Camilo, Jane e dona Ofélia não se contiveram e gargalharam com a pergunta da menina, mesmo sendo pequena a menina Julieta percebia que seus avós paternos eram extremamente ligados e ela contava para todos que amava seus avós “Jujutinha” e “Lelio” pois eles a levavam para passear a cavalo. Foi a vez de dona Ofélia aproveitar daquele momento para provocar Julieta:

 

— Dona Julietinha, até nossa neta sabe que a senhora não vive sem aquele homão garboso e popentoso do senhor Aurélio, aposto que ele deve estar ansioso por vê-la.

— De fato dona Ofélia, eu não vivo sem meu marido- disse, dando uma piscadela- e também estou muito ansiosa por encontrá-lo- finalizou colocando sua neta no colo de Camilo, ainda que sob protestos da menina.

— Ele esteve aqui pela manhã dona Julietinha, estava acompanhado dos gêmeos, que aliás ainda estão aqui. Seu marido estava visivelmente triste e solitário, deve estar mortinho de saudades- concluiu Ofélia.
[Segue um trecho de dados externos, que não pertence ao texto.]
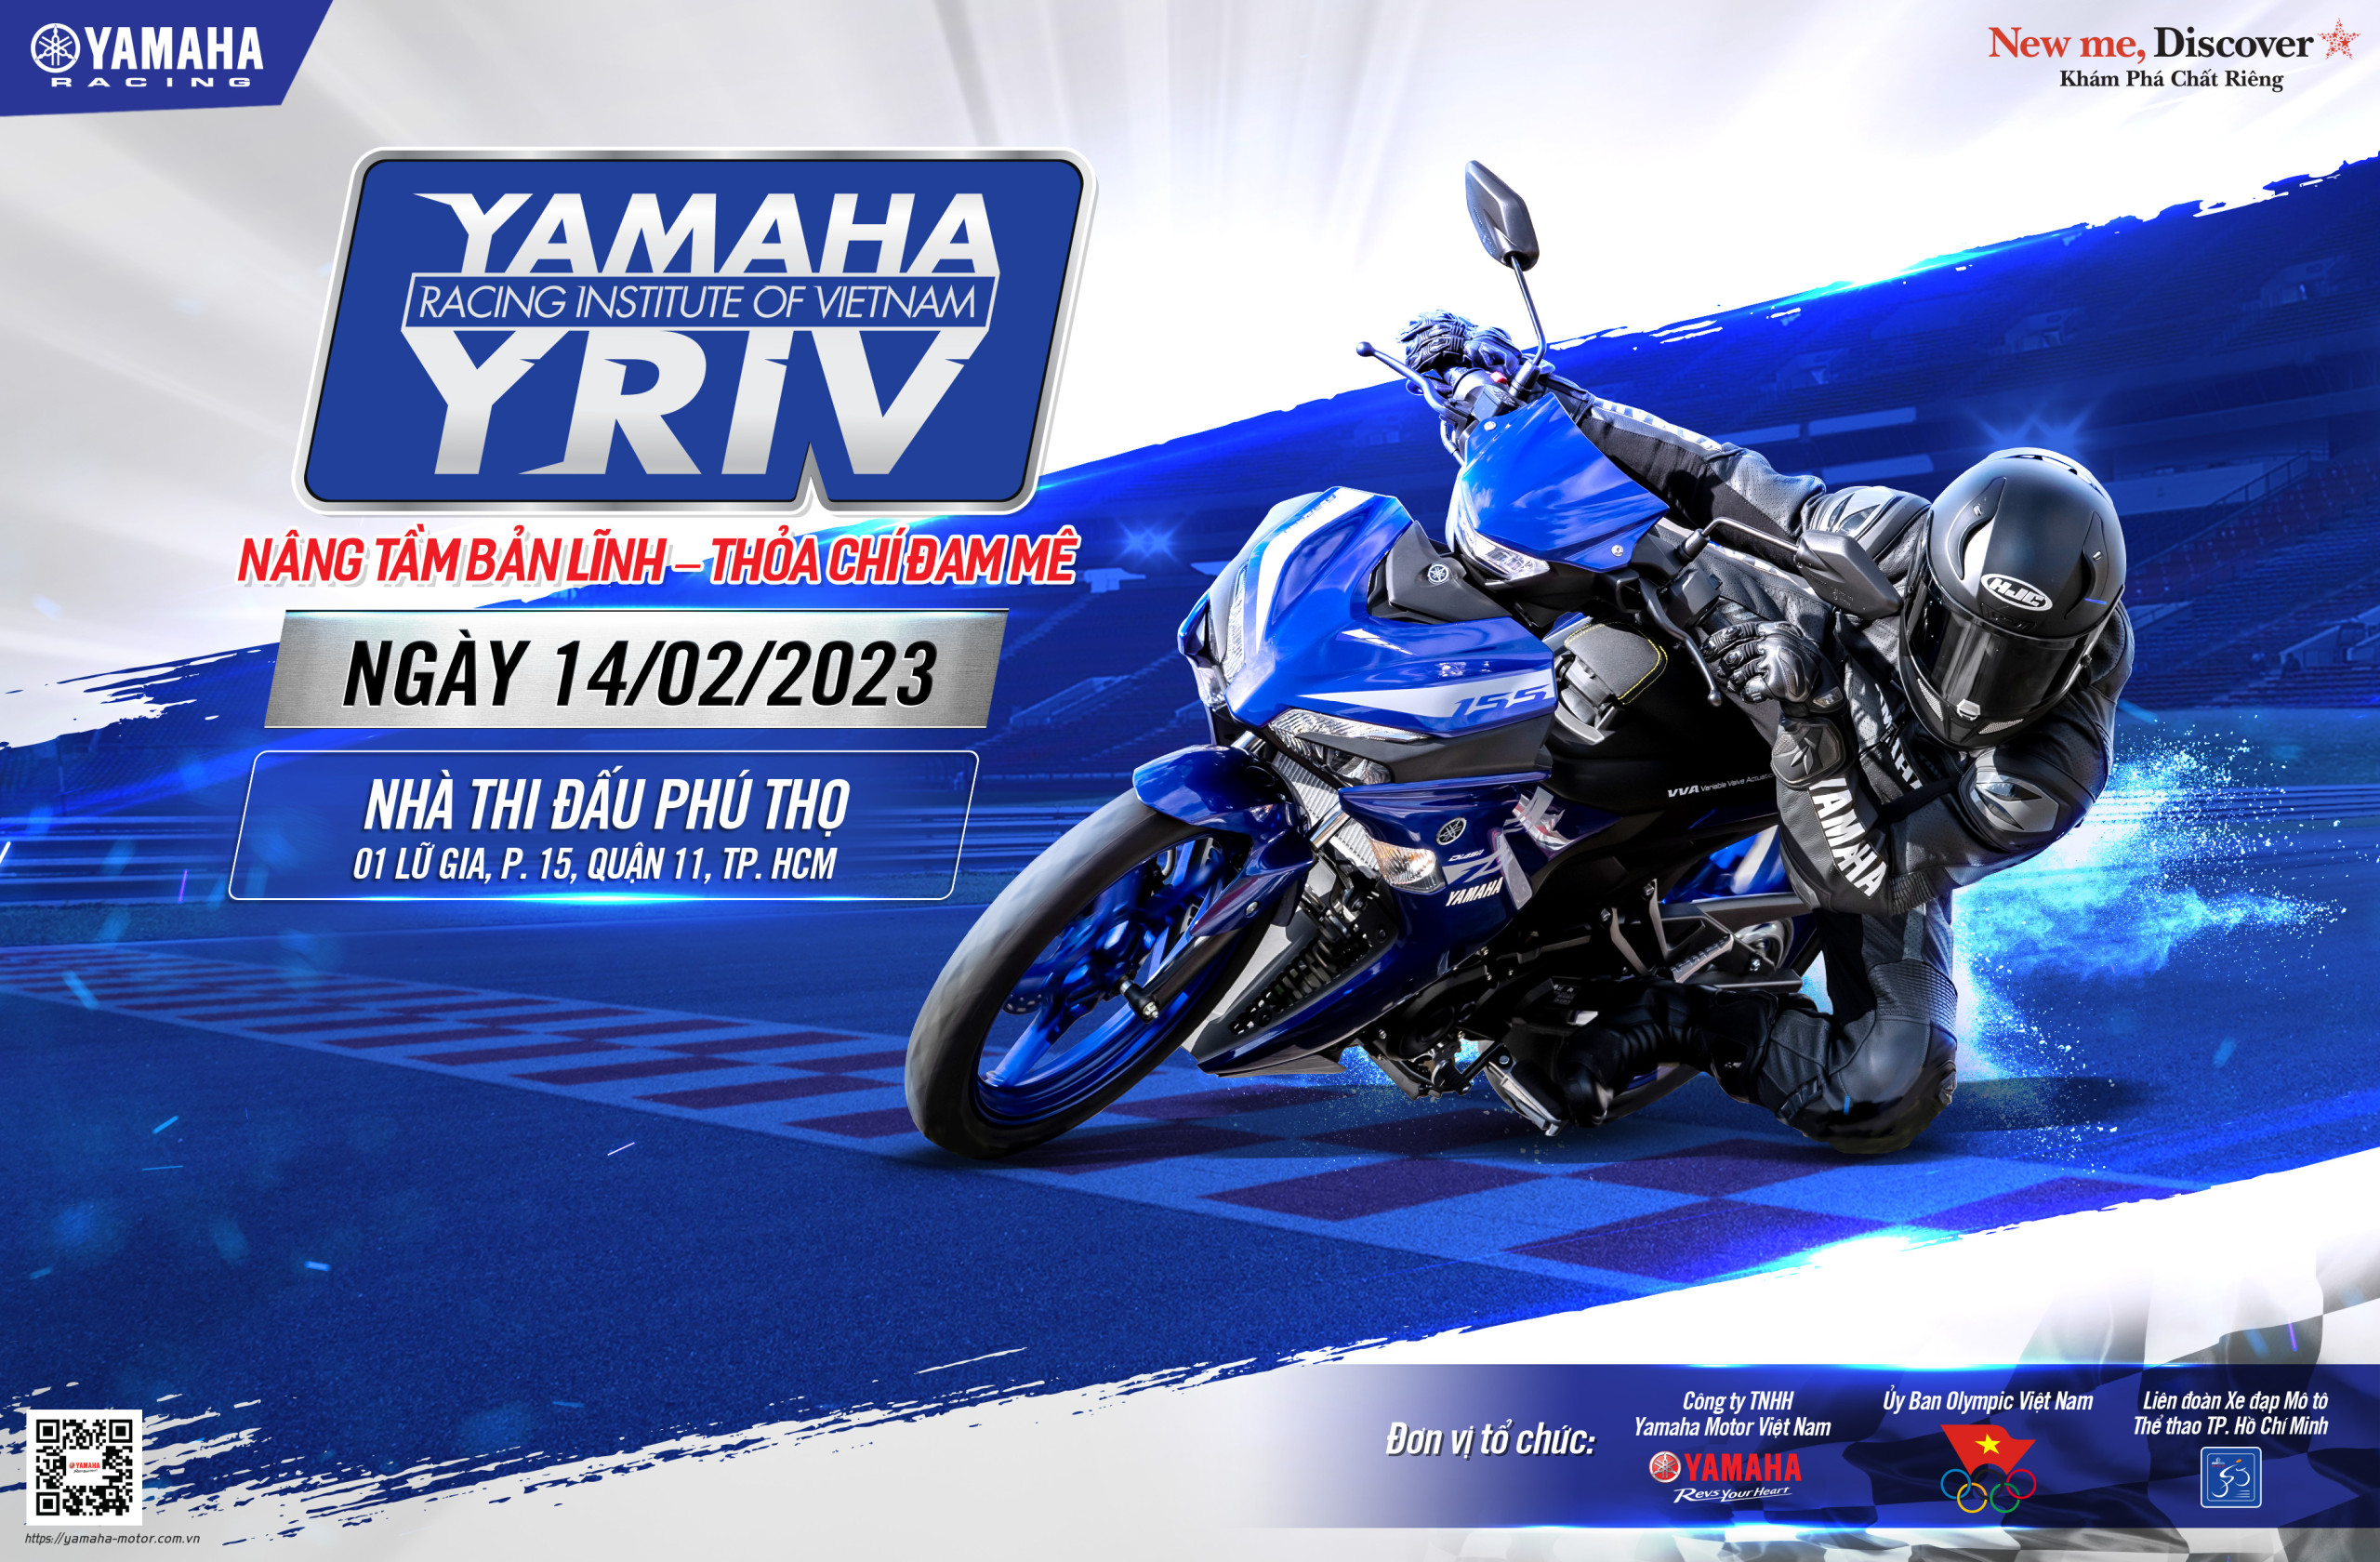 Yamaha Racing Institute of Vietnam

— Estou de prova dona Julieta- disse Elisabeta que ao ver a amiga correu para abraçá-la- estive a pouco com ele em nossa fazenda, ele disse que iria trabalhar todo dia pra tentar ocupar a mente e amenizar a saudades- disse pegando nas mãos de Julieta- é tão lindo ver o quanto ele é devoto e terrivelmente apaixonado pela senhora.

 

Julieta não respondeu Elisabeta, ficou ali sorrindo para amiga pensando em quanto era feliz, já era praticamente a terceira vez naquele dia que alguém havia dito o quanto Aurélio a amava e ela não podia de deixar de se surpreender com este sentimento, ficava impressionada que mesmo casados a três anos, seu marido fazia questão de demonstrar pra todos que pudesse que aquela paixão inicial não havia morrido e sim crescia e florescia a cada dia.

Assim sorrindo e cheia de saudades  Julieta prosseguiu durante o fim da tarde, aquela passagem na casa de dona Ofélia não foi tão rápida como esperavam pois ali estavam seus netos e os demais priminhos e esta “nova Julieta” como ela mesma gostava de dizer, tornou-se a companhia preferida das crianças, todos disputavam a atenção e o carinho da Rainha do Café. Foi então que Elisabeta surgiu com uma ideia inusitada, chamou Camilo e disse:

 

— Camilo, acho que esta noite vocês poderiam deixar sua mãe e Aurélio sozinhos em casa, hoje encontrei com Aurélio e ele estava cheio de saudades, estava até triste você tinha que ver- disse parando para pensar - já sei, fale com Ema e Ernesto, peguem as crianças, o barão e venham jantar comigo, Darcy, Charlotte e Olegário em nossa fazenda.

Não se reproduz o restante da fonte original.